## [PROBLEM TO WORK ON]
Reproduce all of the records word for word, omitting the pictures.

○ ○ ○ ○ ○

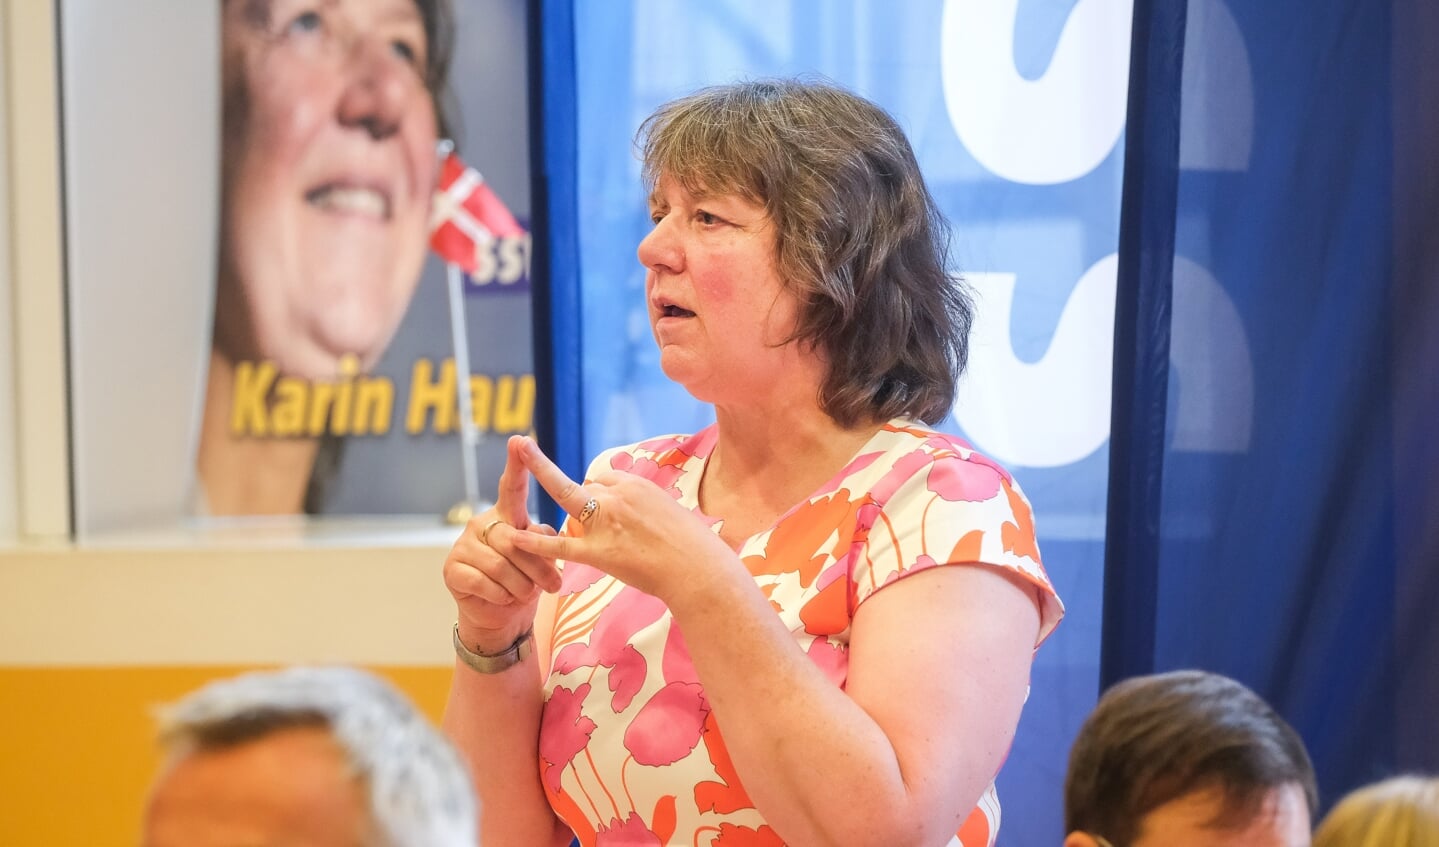 - Ressourcerne er knappe, og derfor vil jeg bruge dem mere målrettet, siger Karin Haug blandt andet om sine planer, hvis hun vinder overborgmestervalget den 18. september. 
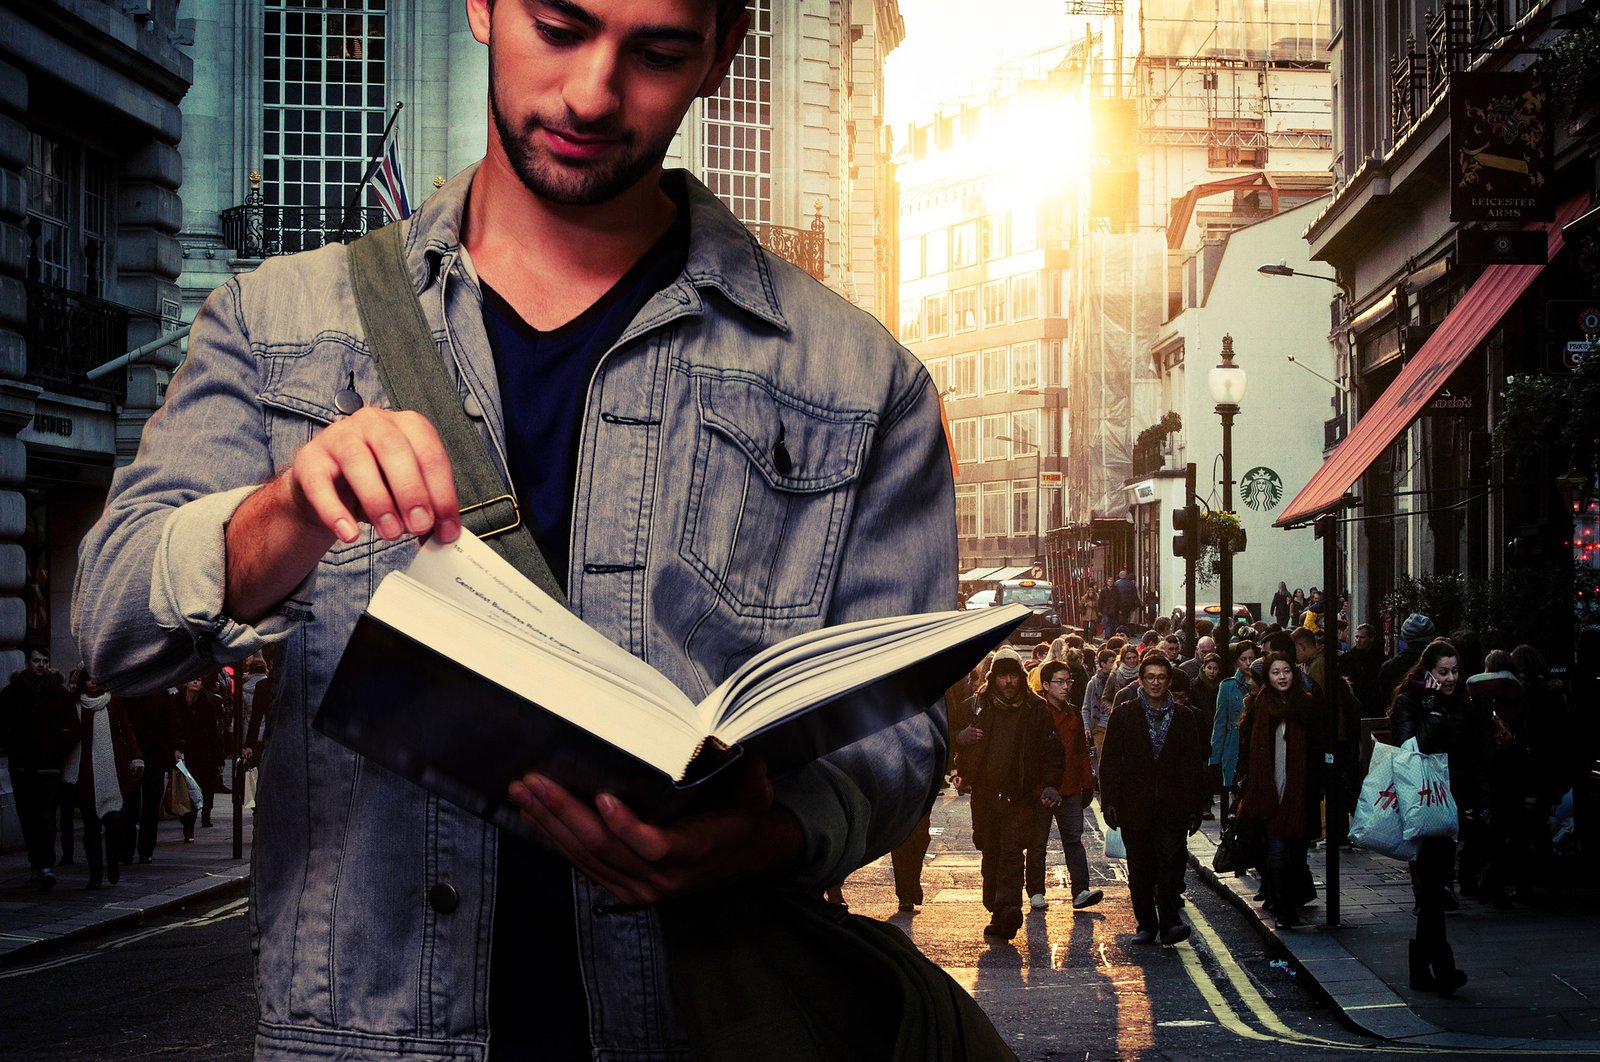 Ein mit Jeansjacke und Umhängetasche bekleideter Mann hält ein aufgeschlagenes Buch in den Händen. Hinter ihm sind viele Menschen zu sehen, die sich in einer Großstadt bewegen.
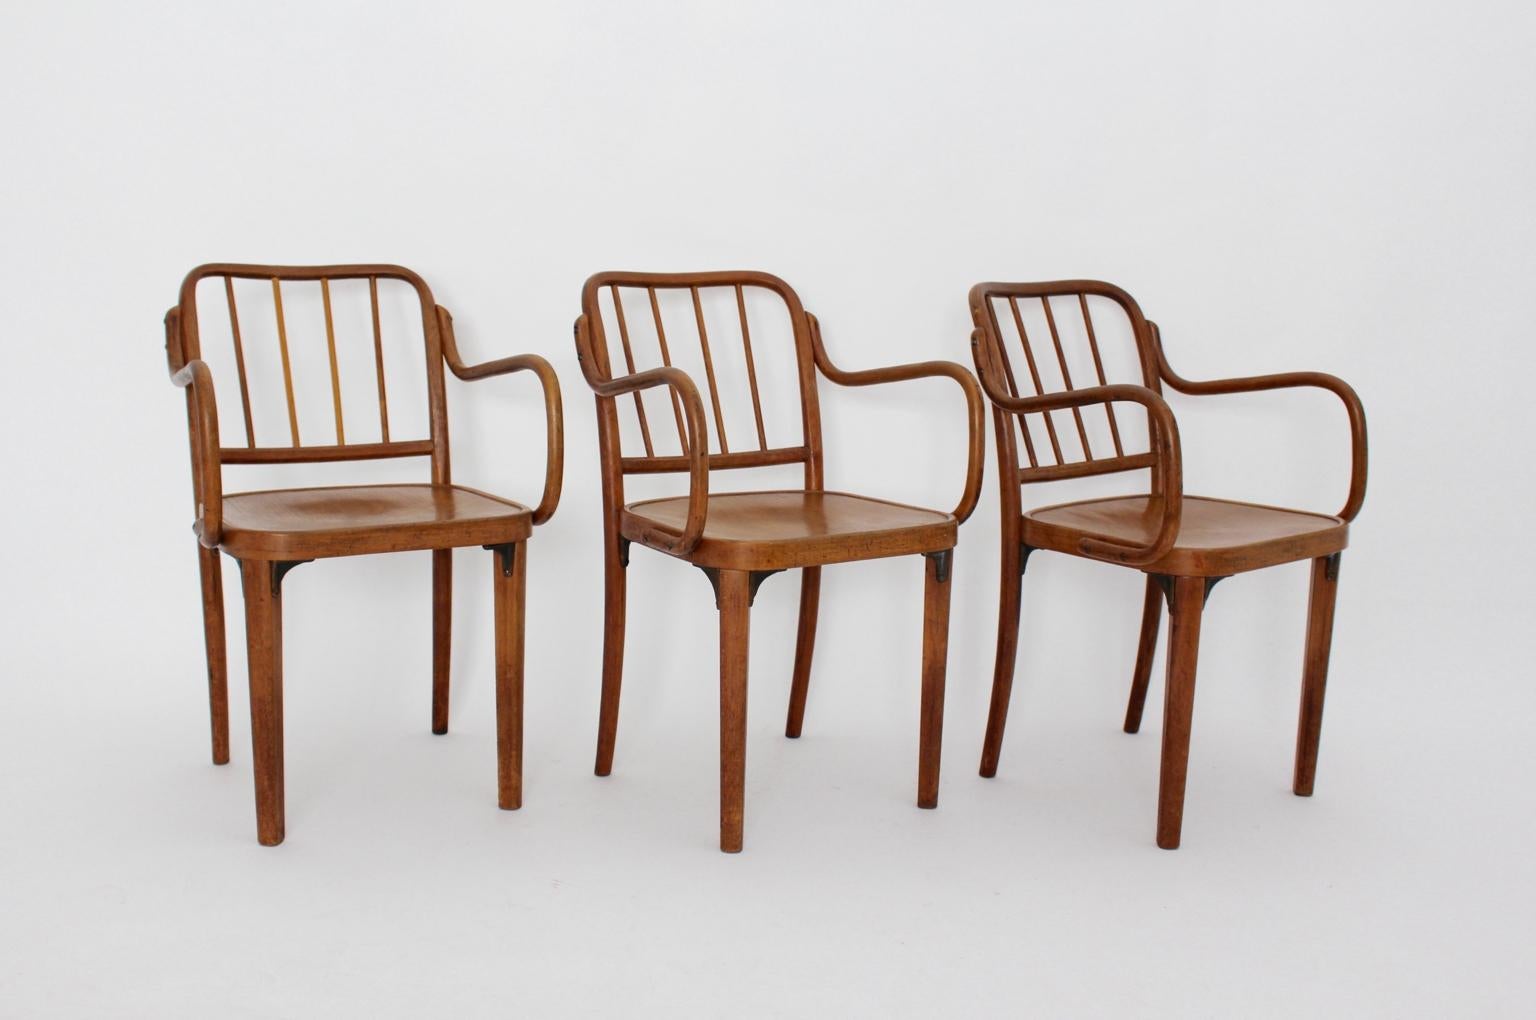 Art Deco drei Sessel aus Eiche und Sperrholz von Josef Frank, zugeschrieben und ausgeführt von Thonet Wien, 1930er Jahre.
Das Gestell der Stühle ist aus Eichenholz, die Sitze aus Sperrholz, verbunden mit Gusselementen.
Lackiert und in gutem Zustand,

○ ○ ○ ○ ○

## [EXPECTED ANSWER]
 - Ressourcerne er knappe, og derfor vil jeg bruge dem mere målrettet, siger Karin Haug blandt andet om sine planer, hvis hun vinder overborgmestervalget den 18. september. 
 Ein mit Jeansjacke und Umhängetasche bekleideter Mann hält ein aufgeschlagenes Buch in den Händen. Hinter ihm sind viele Menschen zu sehen, die sich in einer Großstadt bewegen.
 Art Deco drei Sessel aus Eiche und Sperrholz von Josef Frank, zugeschrieben und ausgeführt von Thonet Wien, 1930er Jahre.
Das Gestell der Stühle ist aus Eichenholz, die Sitze aus Sperrholz, verbunden mit Gusselementen.
Lackiert und in gutem Zustand,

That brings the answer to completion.